To be sure, Republicans have an expansive campaign infrastructure to reach their voters, as well. But the opening days of the runoff campaign have been dominated publicly, at least, by sweeping attacks, from framing Ossoff and Warnock as too far left to questioning Georgia’s election process with Biden holding a narrow lead for the state’s 16 electoral votes.

Loeffler went so far Wednesday as to accuse Warnock of possessing “a Marxist ideology,” an over-the-top caricature that the Atlanta minister’s campaign spokesman Terrence Clark said was meant to “scare Georgians.” A day before, Loeffler had joined Perdue in a joint statement condemning Georgia’s vote-counting procedures as an “embarrassment” and calling for their fellow Republican, Brad Raffensperger, to step down as secretary of state.

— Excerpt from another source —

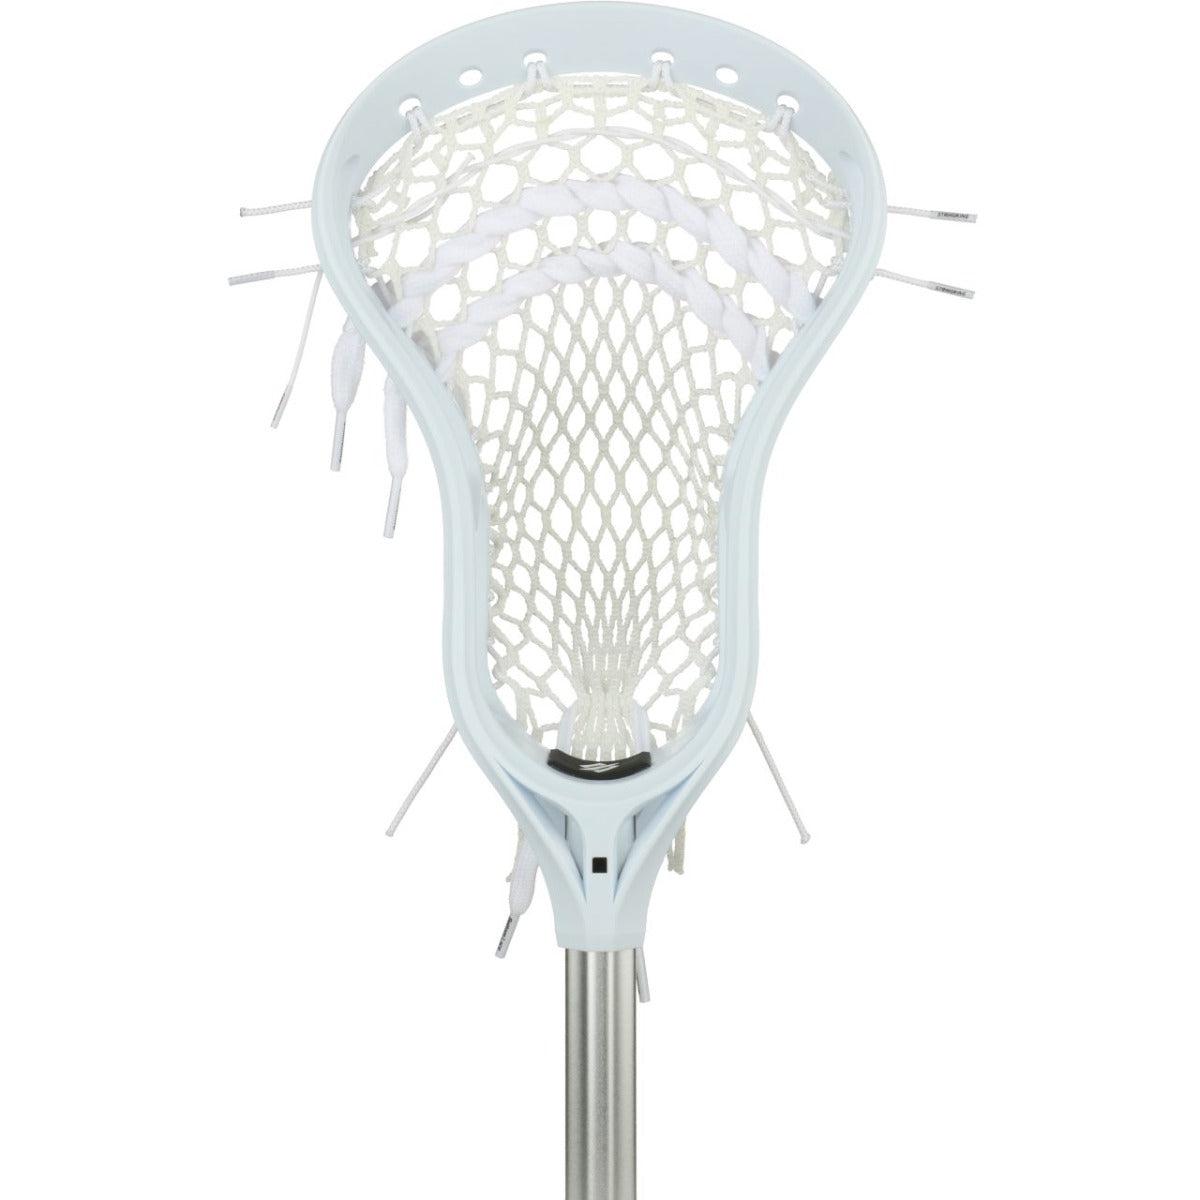 Stringking Complete 2 Senior Lacrosse Stick-Universal Lacrosse

In both instances, Republicans have been short on supporting details. But that’s not necessarily the point, and there’s no evidence the process will reverse Biden’s lead before the count is finalized and certified.

U.S. Rep. Doug Collins, who is leading Trump’s recount effort in Georgia after his own unsuccessful bid for Loeffler's seat, said Republican voters are staying “fired up because they don’t want to see our country turn to a liberal perspective.”

Republican Sen. Lindsey Graham of South Carolina told Fox News Channel’s “Fox & Friends” on Thursday that he’s donating $1 million from his campaign to help Perdue and Loeffler, saying Republicans need to counter a “tsunami of liberal money” flowing into Georgia.

Democrats, meanwhile, hope the presidential result is a boon for runoff turnout simply because it validates, finally, party leaders’ perennial claim that Georgia is a genuine battleground state. Replicating the feat would run counter to the party's history in recent decades, with Republicans proving more adept at maintaining enthusiasm for second-round voting.

“You know they say that we don’t show up for runoffs,” former Atlanta Mayor Shirley Franklin told Democrats this week at another Ossoff drive-in rally. “Well, we’re going to prove them wrong.”